В том и страшном, и тягостном, что надвинулось в жизни, для него оставалось – кроме древностей и музея (это главное) – еще странная, прежде не существовавшая сторона деятельности: давала радость близость с дочерьми, их потомством. Нравилось переписываться с Элли, Таней. Нравилось привозить в Москве детям подарки, какое ни на есть принимать участие в елках, именинах, днях рождения. Подарки, для Запада показавшиеся бы убогими, здесь принимались с таким воодушевлением, что Геннадий Андреич сам веселел.

– Я становлюсь неким Дедом-Морозом, или Knecht-Ruprecht-ом[92],– говорил, улыбаясь, Анне, глядя, как дети возятся вокруг елки с разными его приношениями (кое-что вытаскивалось и из похоронок Земляного вала: ископаемые предшествующей геологической эпохи).

– Я теперешних детей весьма жалею-с, – сказал он неожиданно, и скорей для себя самого, чем для этой незнакомой и далекой ему женщины. – В детстве сам видел много тяжелого, хотя тогда все было по-другому. А теперь…

– Сеня все-таки не какой-нибудь беспризорный. Я его мать. Вы увидите, я его устрою, постараюсь дать образование, чтобы он счастливее оказался, чем мы…

Теперь волнение ее проступило явственно и слегка разрумянило незамечательное лицо.

– Ив добрый час, помогай Бог, – произнес вдруг Геннадий Андреич с такой простотой, точно говорил не с неведомой посетительницей, а с родной дочерью Анной.

– Жизнь даже очень трудна-с, но мы не должны ей уступать. Мы должны жить и действовать так, как считаем правильным.

Женщина поднялась.

– Еще раз благодарю. Простите, что побеспокоила. Вы человек ученый, занятой.

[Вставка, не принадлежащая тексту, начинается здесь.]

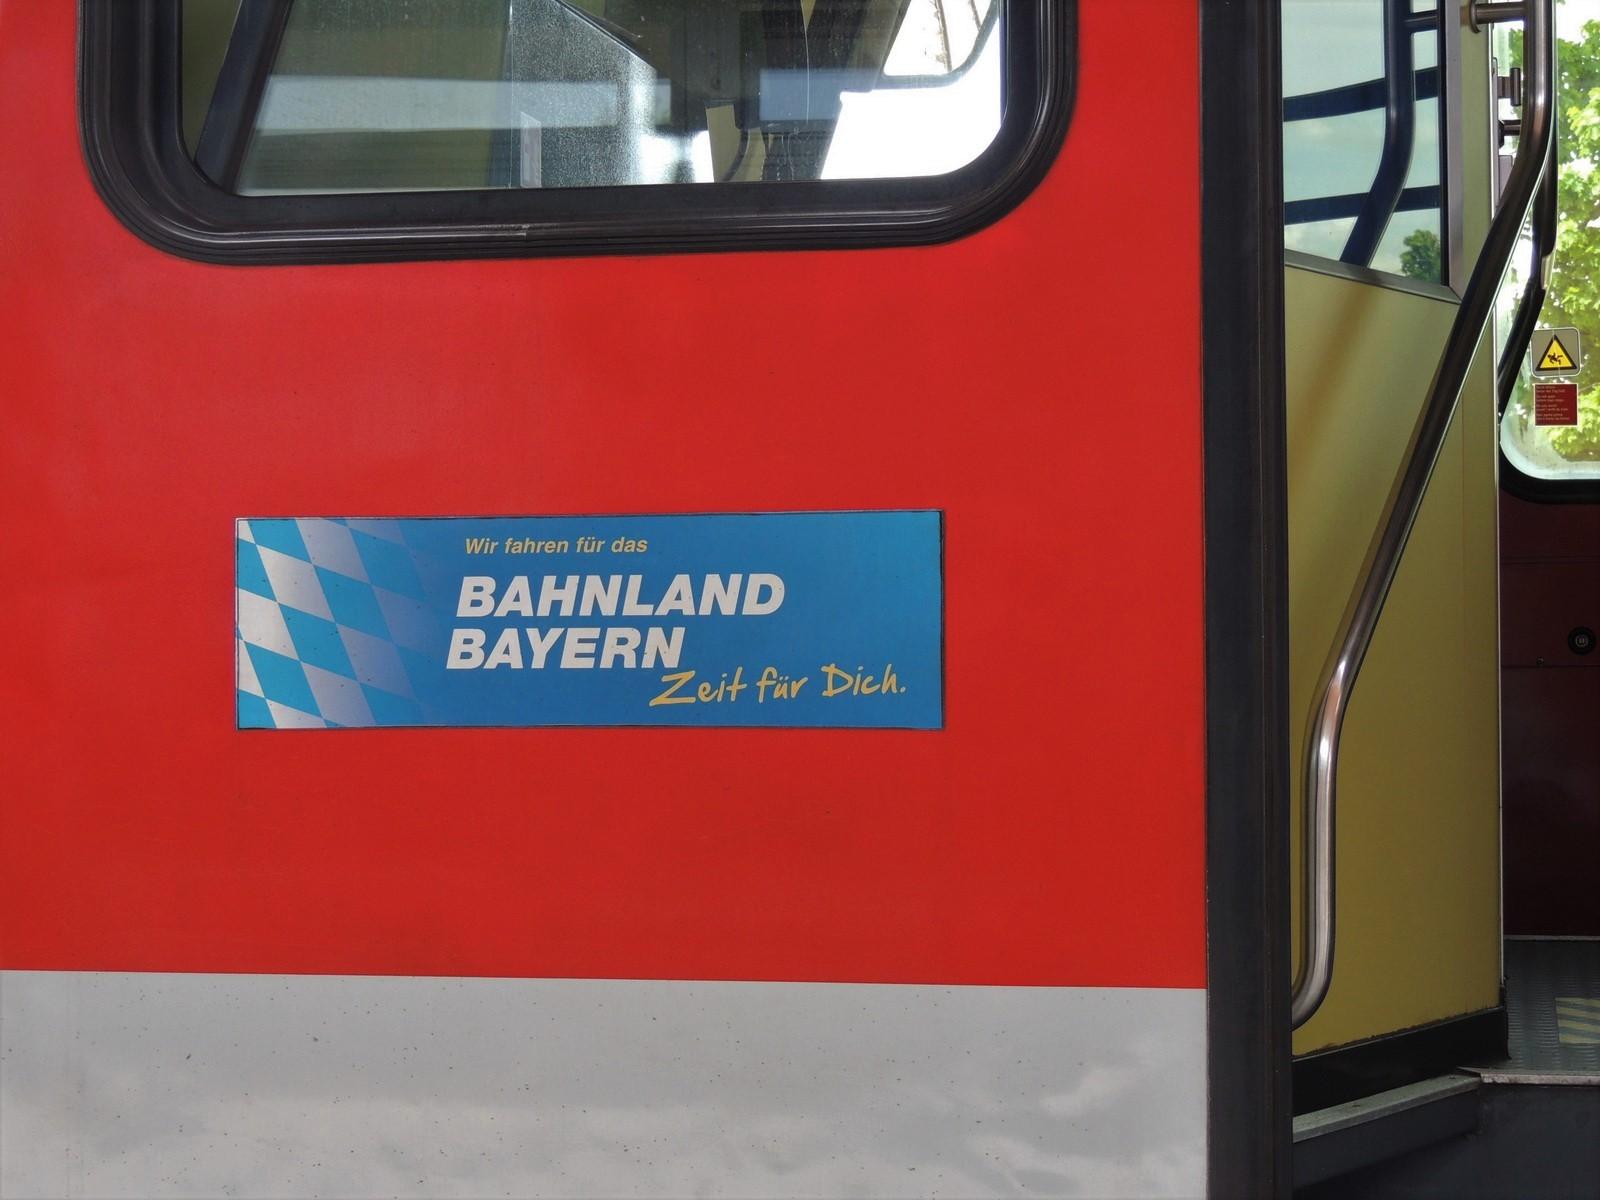 Bahnland Bayern
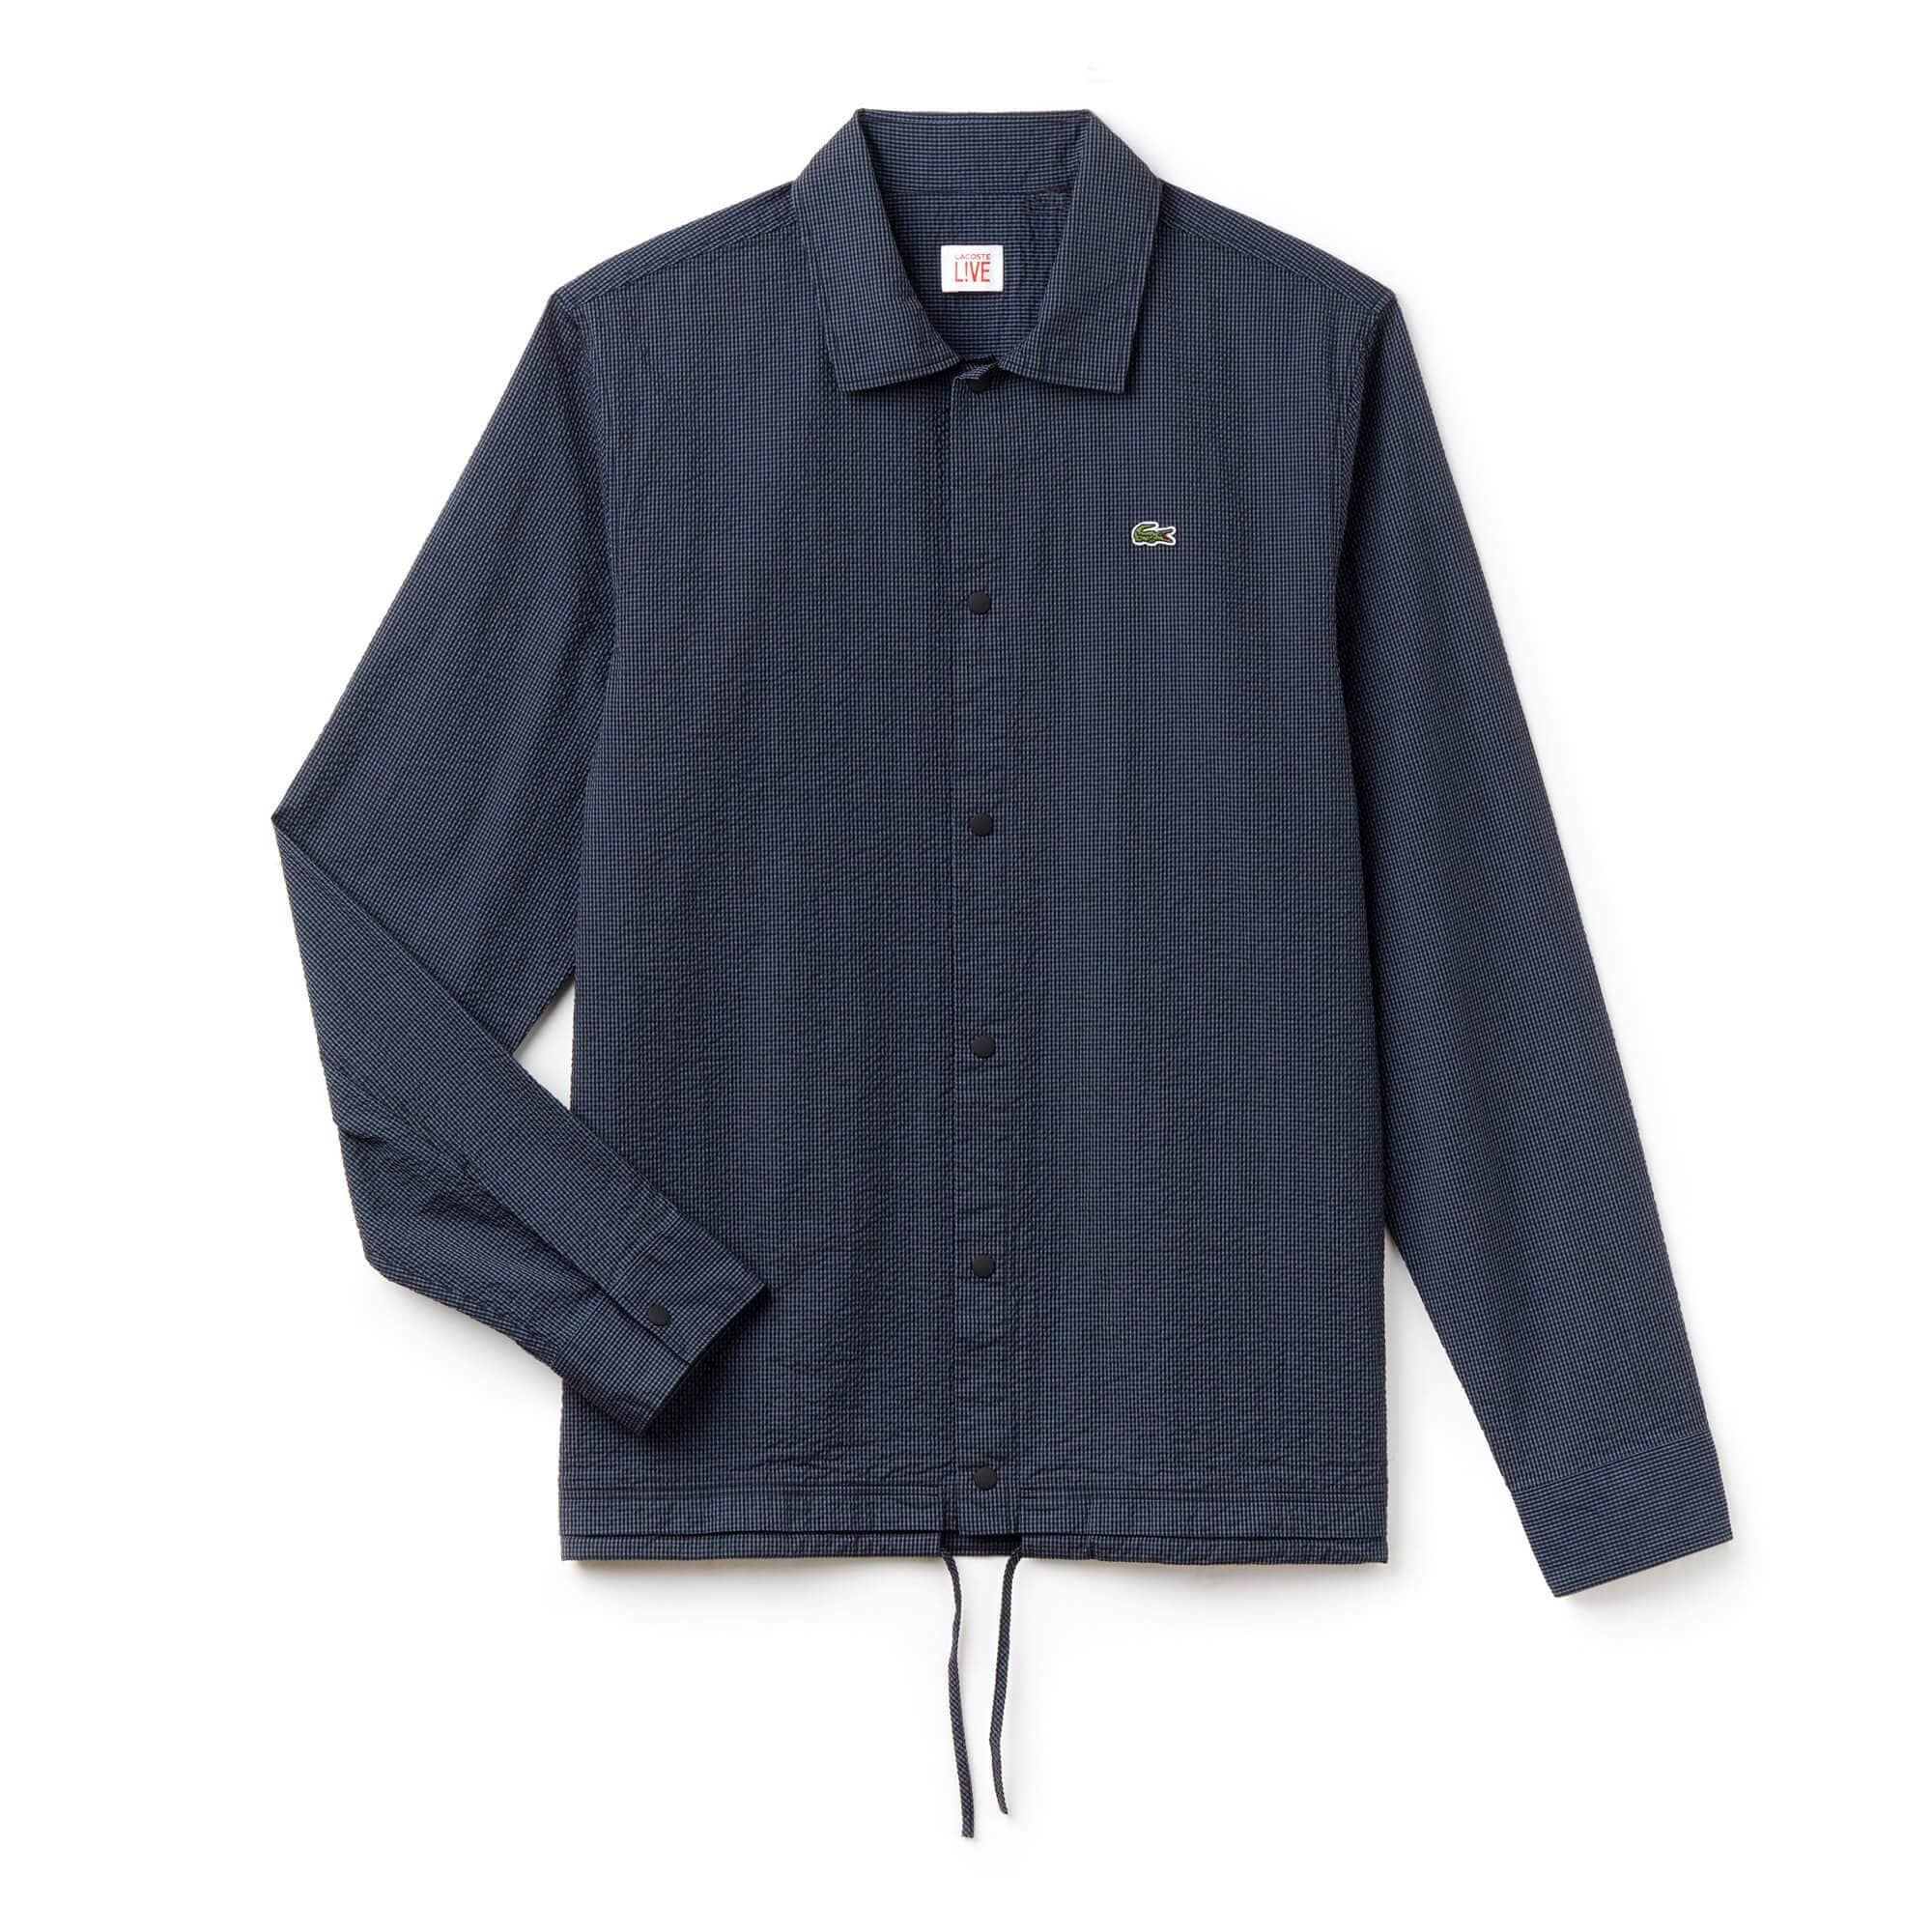 Lacoste LIVE-shirt heren Skinny fit gingham seersucker

– Ничего, ничего. Если чем смогу помочь насчет сына, то охотно.

* * *

В молодости Геннадий Андреич был равнодушен к детям. Женившись рано, полагал, что дети неизбежность, ничего не поделаешь. Так первую половину жизни и прожил. Но с годами многое изменилось. К внукам появилось у него уже не то отношение, как к своим детям. Анна, в письмах к Элли, не преувеличивала, да и сама Элли это чувствовала – уже по одному тому, что теперь Геннадий Андреич писал отдельно и Тане, целые письма: вещь невообразимая в детстве самой Элли.

Анна сияла.

– Папа, ты всегда так добр к детям, они тебя обожают.

– Обожать меня не за что-с, а что могу для восходящего племени, то, конечно, охотно…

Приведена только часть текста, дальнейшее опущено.